**Directions for this task:** Copy the records below exactly, from the line containing "USA team members" through the last line, and leave out every picture.

**Material for this exercise:**
BEGIN

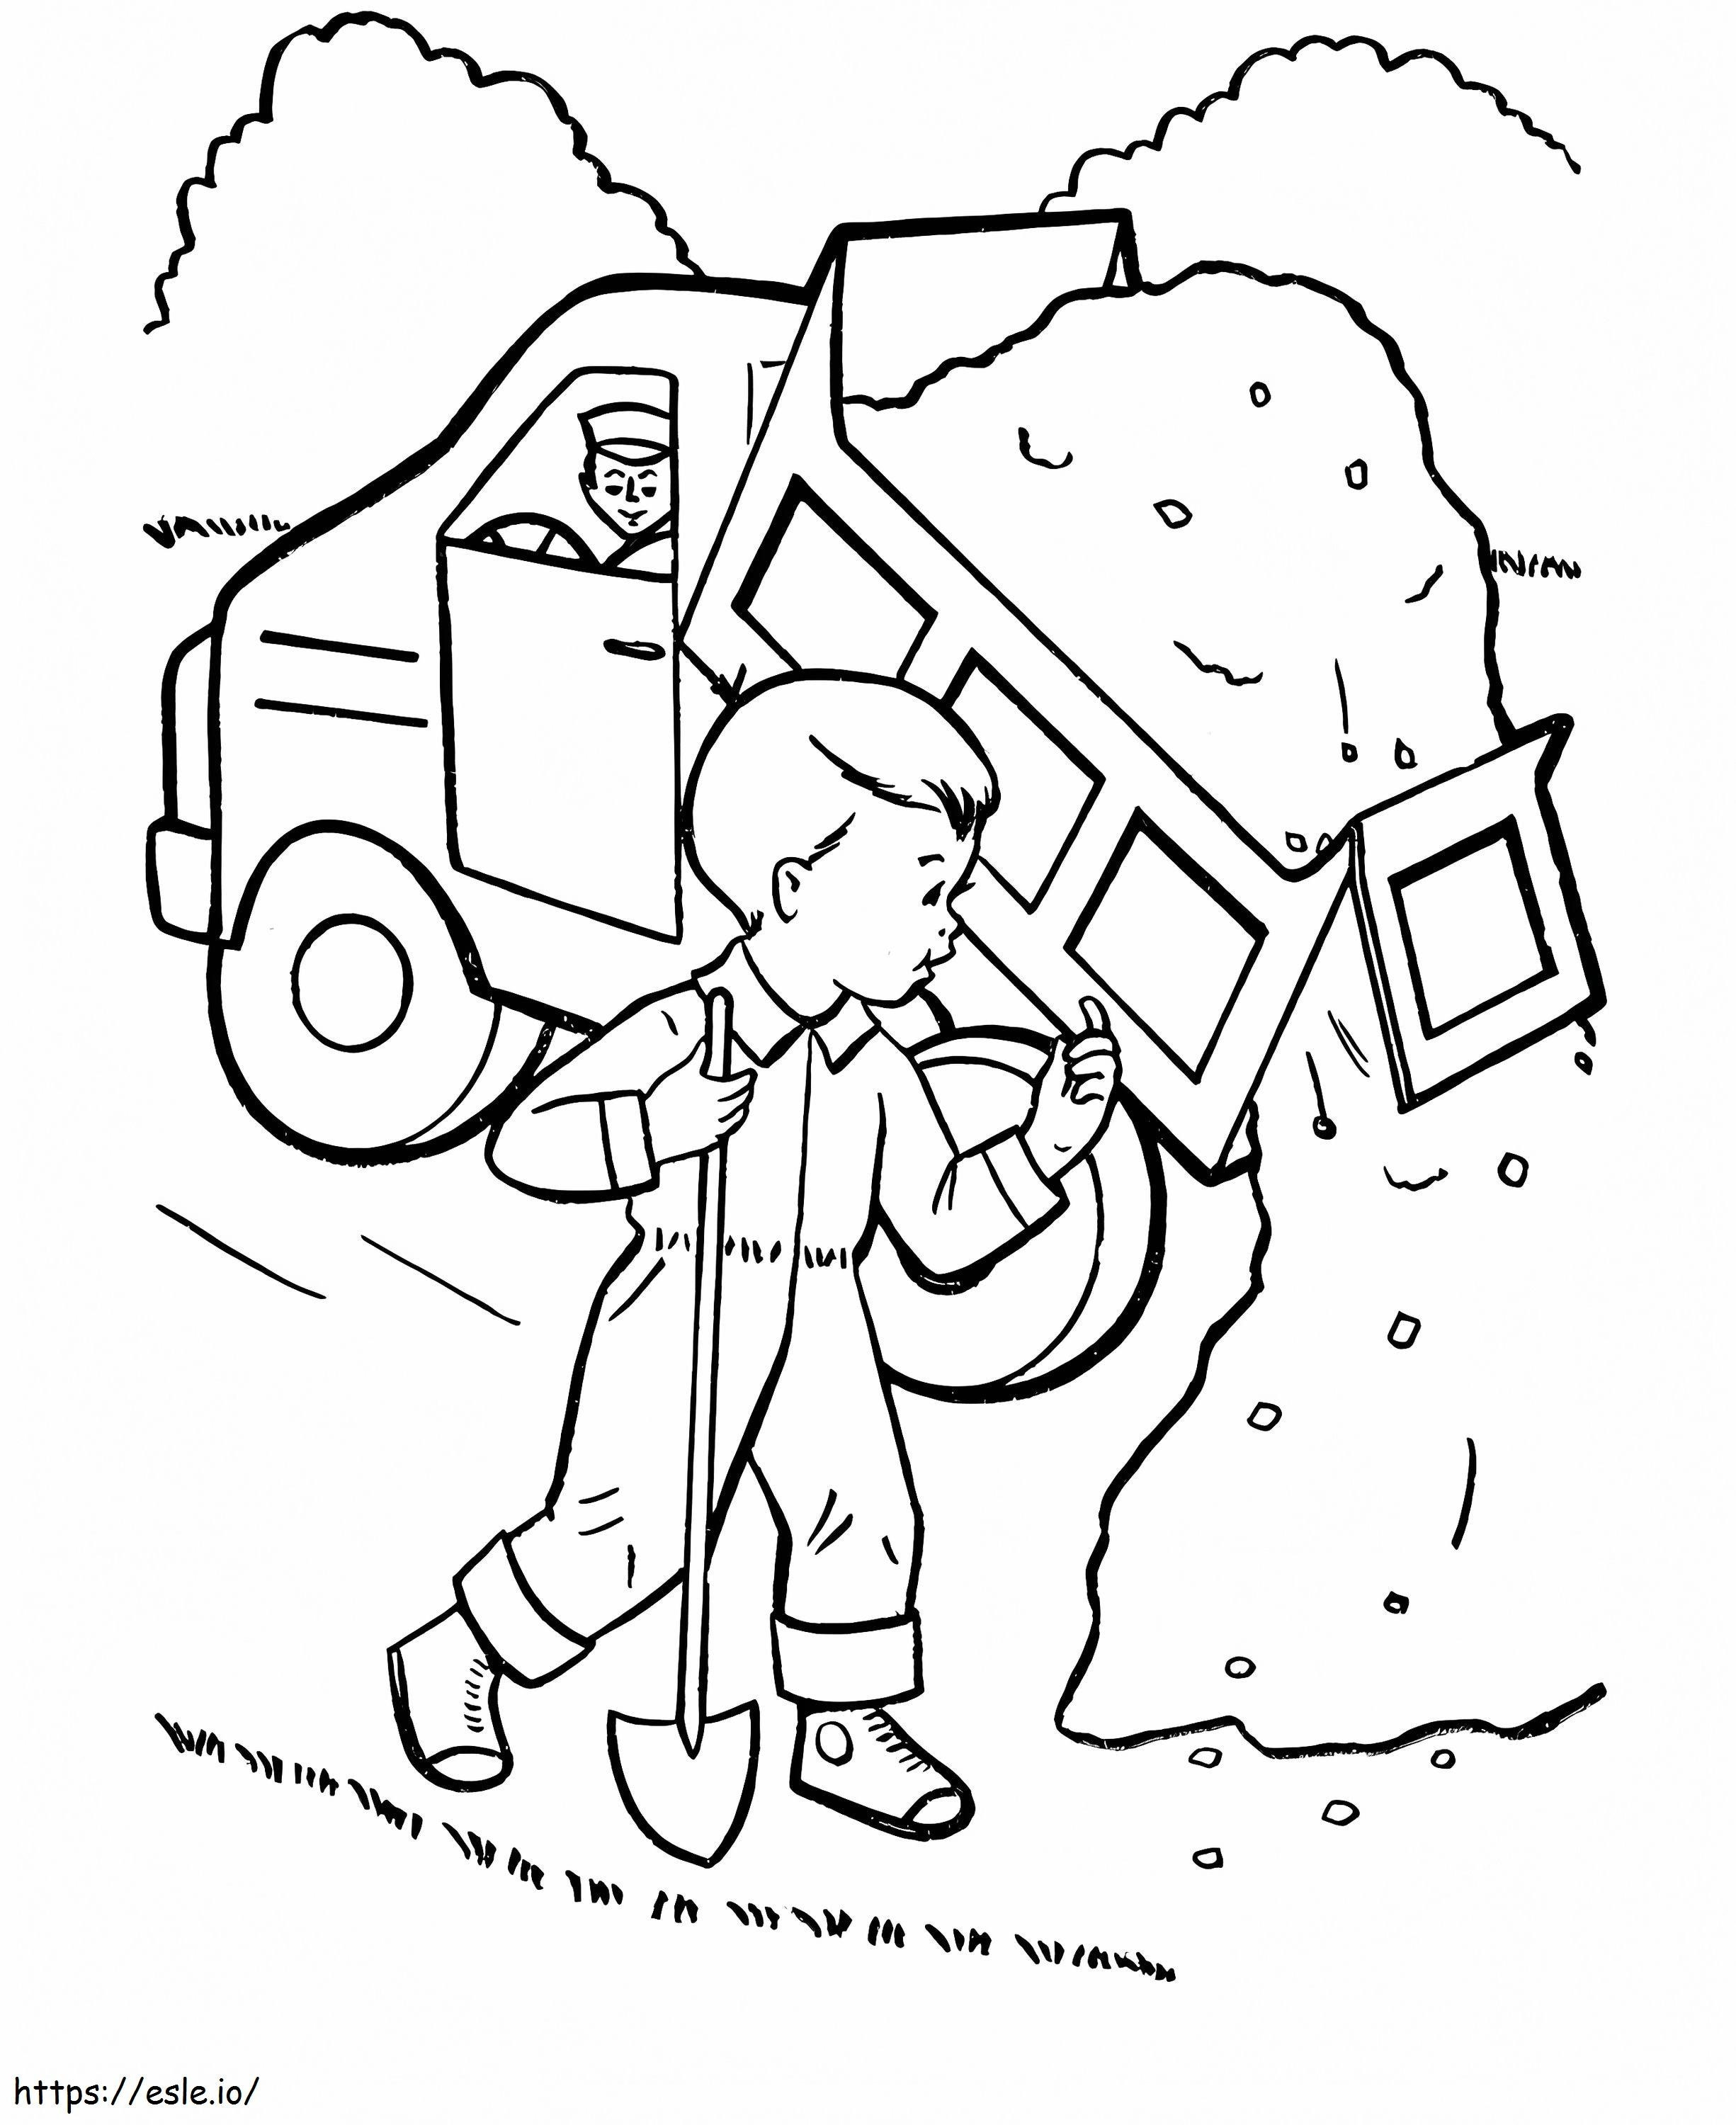 Kid And Dump Truck coloring page
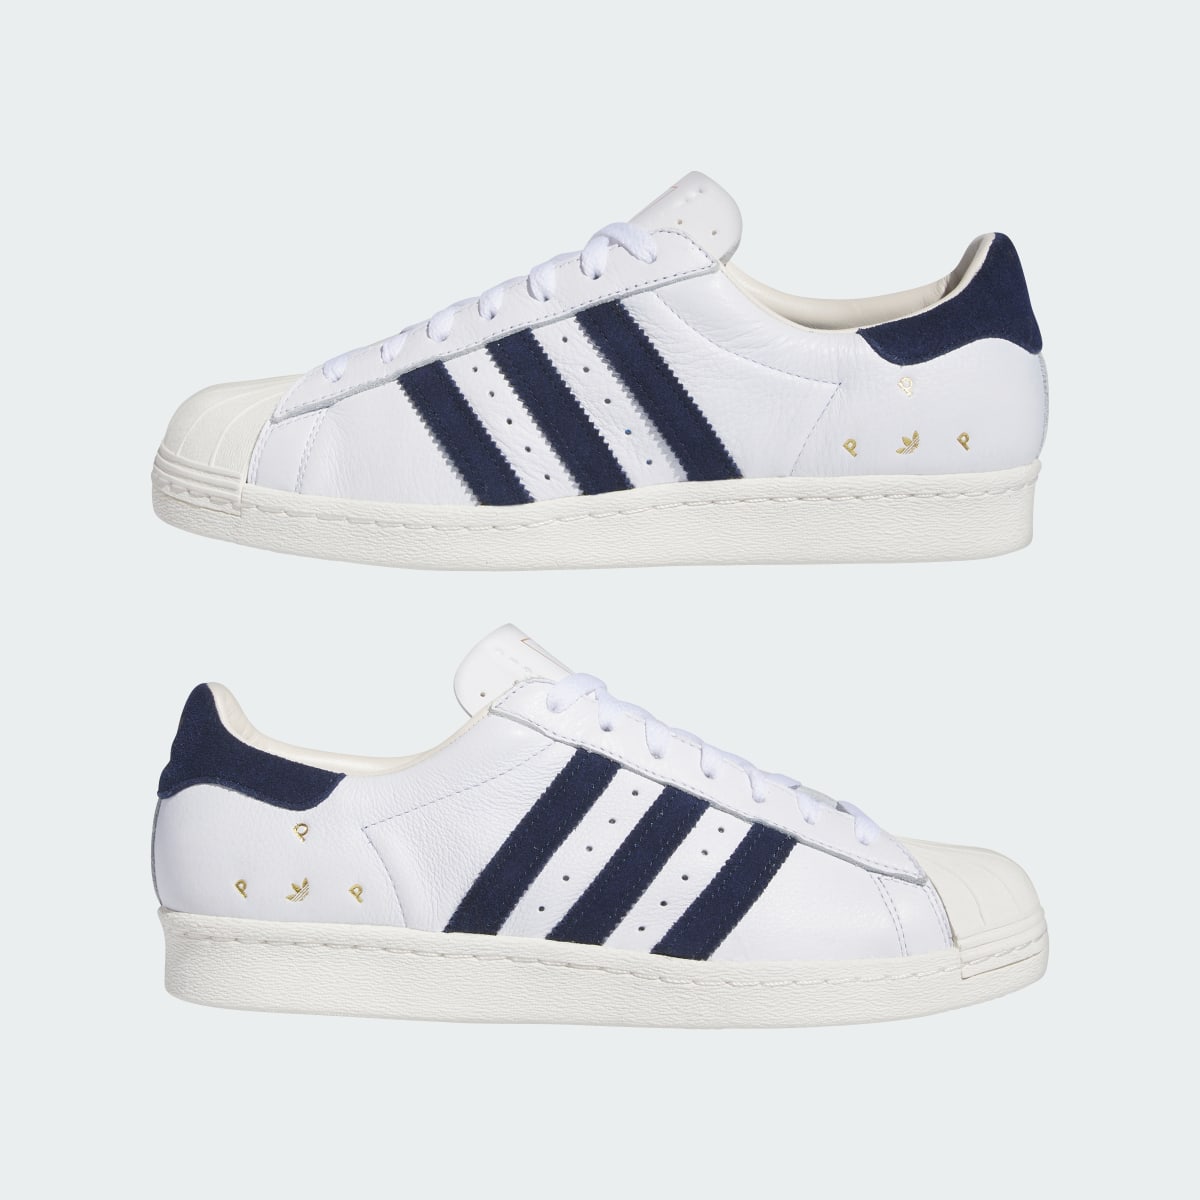 Adidas Pop Trading Co Superstar ADV Trainers. 9
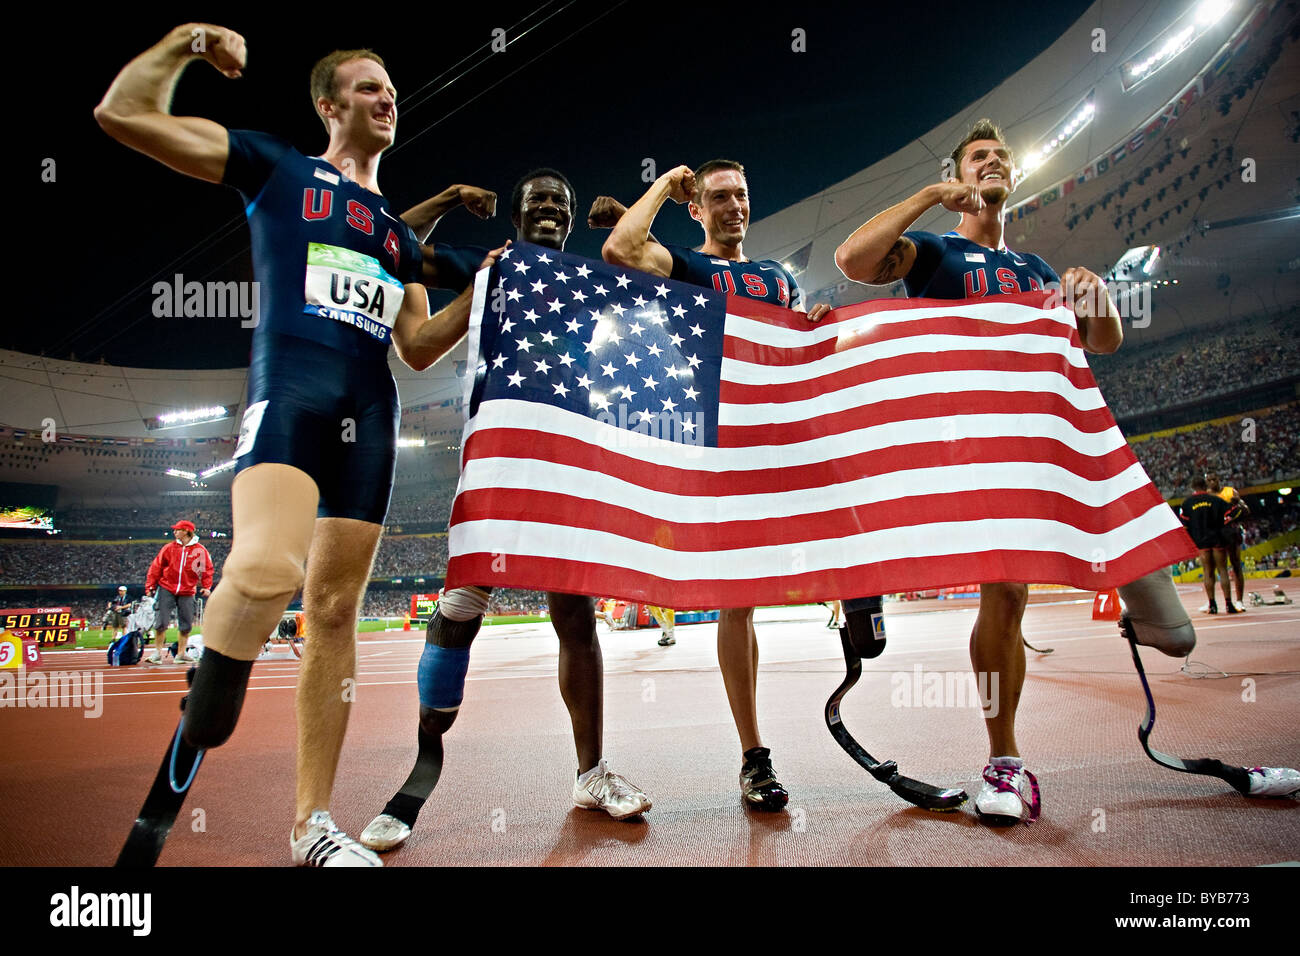 USA team members celebrate after their victory in the men's T44 4x100m final relay race at the Beijing 2008 Paralympic Games; Stock Photo
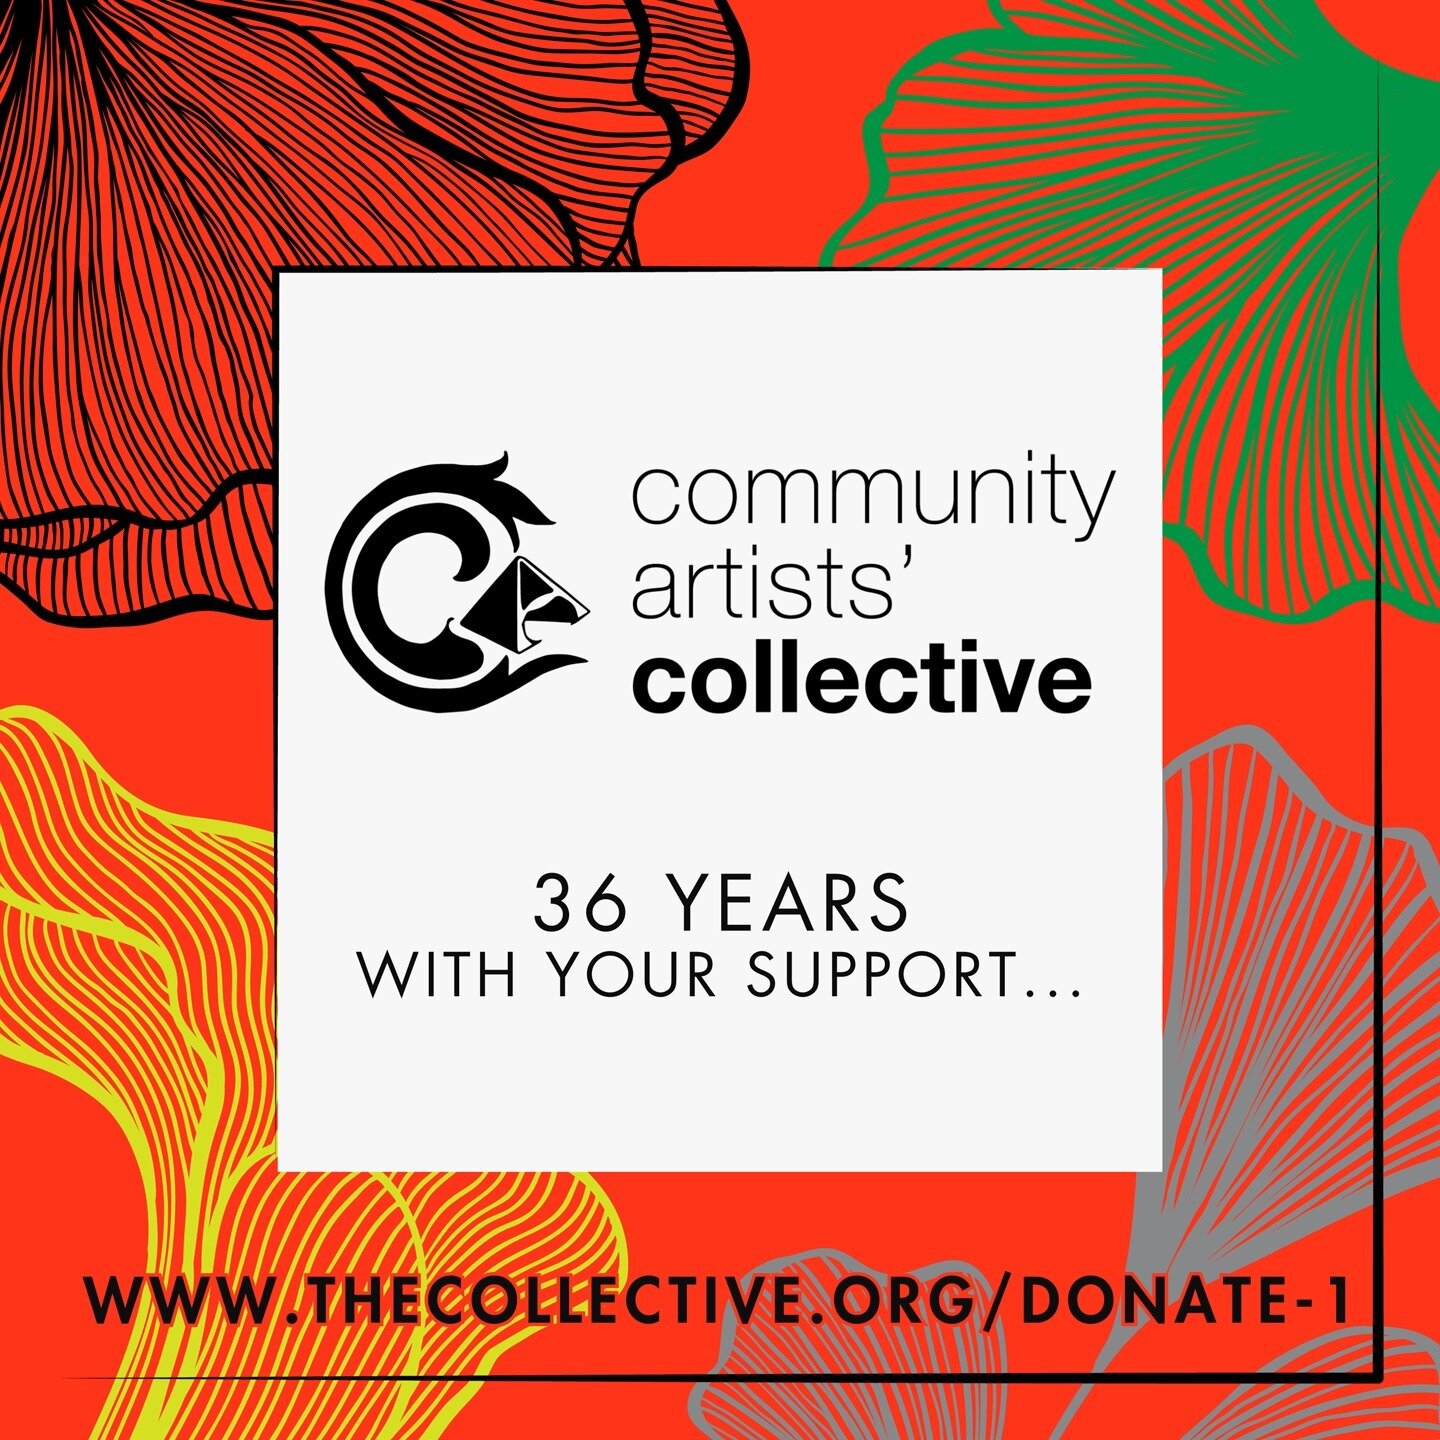 Dear Friends,
The year 2023 marks 36 years since the Community Artists&rsquo; Collective began providing services to the Houston community through the arts. Your continued support has been the force behind our success and impact, and we are deeply gr

END

**Response below:**
 USA team members celebrate after their victory in the men's T44 4x100m final relay race at the Beijing 2008 Paralympic Games; Stock Photo
 Dear Friends,
The year 2023 marks 36 years since the Community Artists&rsquo; Collective began providing services to the Houston community through the arts. Your continued support has been the force behind our success and impact, and we are deeply gr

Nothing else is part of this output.